# Most beautifull cichlids



## Michaeljames (Jan 14, 2005)

woah I just checked out that jeff raps website and I couldnt believe these 2 females
I've actually heard of them before being mentioned as beautifull but these are the first pics I've seen of them.


----------



## King Oscar (Apr 5, 2005)

nice they look sweet


----------



## bmpower007 (Feb 11, 2005)

> nice they look sweet


----------



## oojit (Feb 24, 2005)

Thats a really nice festae.
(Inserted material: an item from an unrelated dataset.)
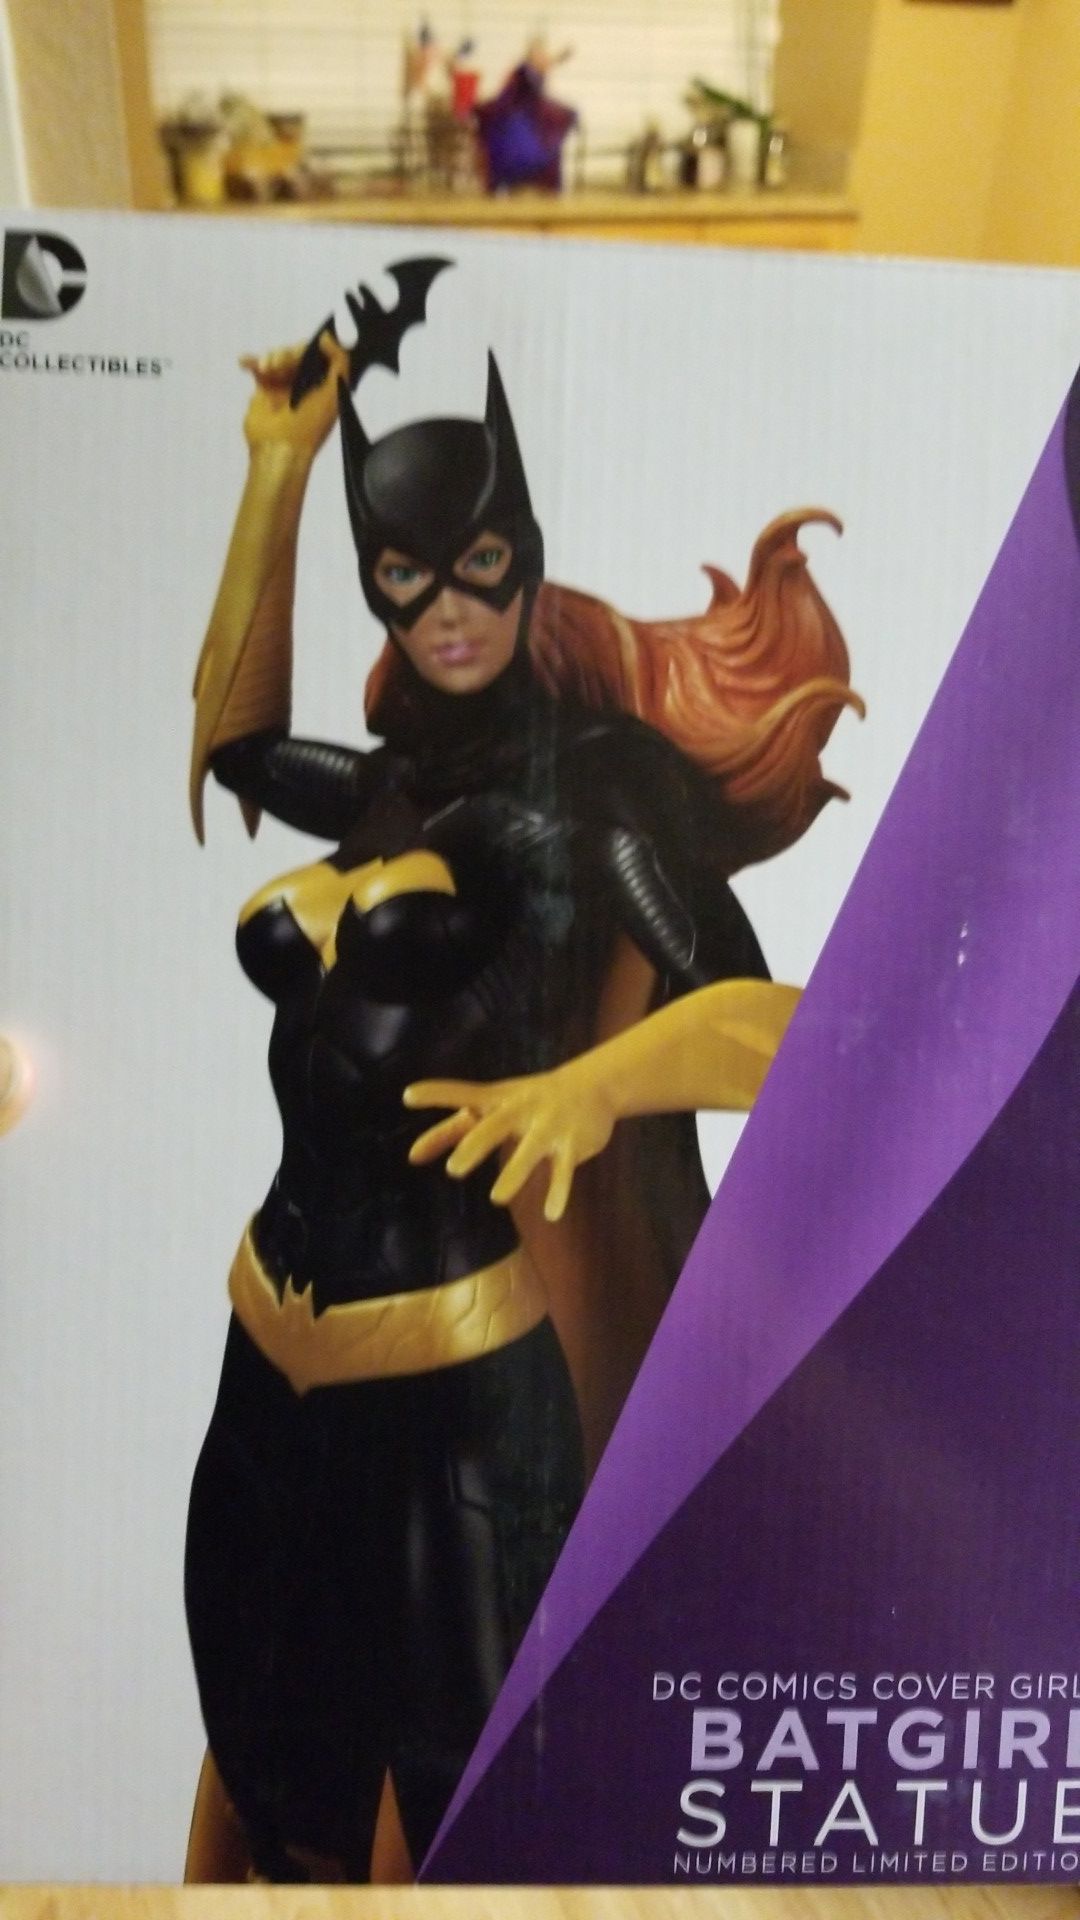 New DC Comics cover girl Batman statue

Have never seen one that nice.


----------



## Just1nK4ng (Oct 20, 2004)

B E A UTIFUL


----------



## crazyklown89 (Aug 28, 2003)

Salvinis and Red Tiger Motaguense.


----------



## elTwitcho (Jun 22, 2004)

Nope, it's still the green terror



















It's personal taste really, most cichlids are pretty attractive in one way or another except for the mutant ones like BPs and FHs


----------



## mauls (Mar 25, 2004)

adult jack dempseys aren't too bad lookin either


----------



## lemmywinks (Jan 25, 2004)

Big male umbees are definatly high on my list


----------



## crazyklown89 (Aug 28, 2003)

lemmywinks said:


> Big male umbees are definatly high on my list
> 
> 
> 
> ...


Is that Boon's?


----------



## Fish_Devil08 (May 23, 2005)

that's a holy mother monster,,,,, i wonder how tasty he is......  just kidding...


----------



## lemmywinks (Jan 25, 2004)

crazyklown89 said:


> lemmywinks said:
> 
> 
> > Big male umbees are definatly high on my list :nod:
> ...


god no









That's cichlidscenes 19" male


----------



## Puff (Feb 14, 2005)

that is a huge bloody cichlid.

i think salvinis can be absolutely stunning, while ive seen others that look like it's something i dropped in the toilet...


----------



## crazyklown89 (Aug 28, 2003)

lemmywinks said:


> crazyklown89 said:
> 
> 
> > lemmywinks said:
> ...


You know the words male and 19 inches should never be followed by a drooling face.


----------



## Joga Bonito (Oct 30, 2004)

discus








View attachment 66771


----------



## piranhasrule (May 31, 2004)

Beauty is in the eye of the beholder, i think alot of the darker coloured cichlids look alot better then the brighter ones. But thats just my opinion


----------



## King Oscar (Apr 5, 2005)

holy sh*t that fish is huge, but he looks real nice for his size


----------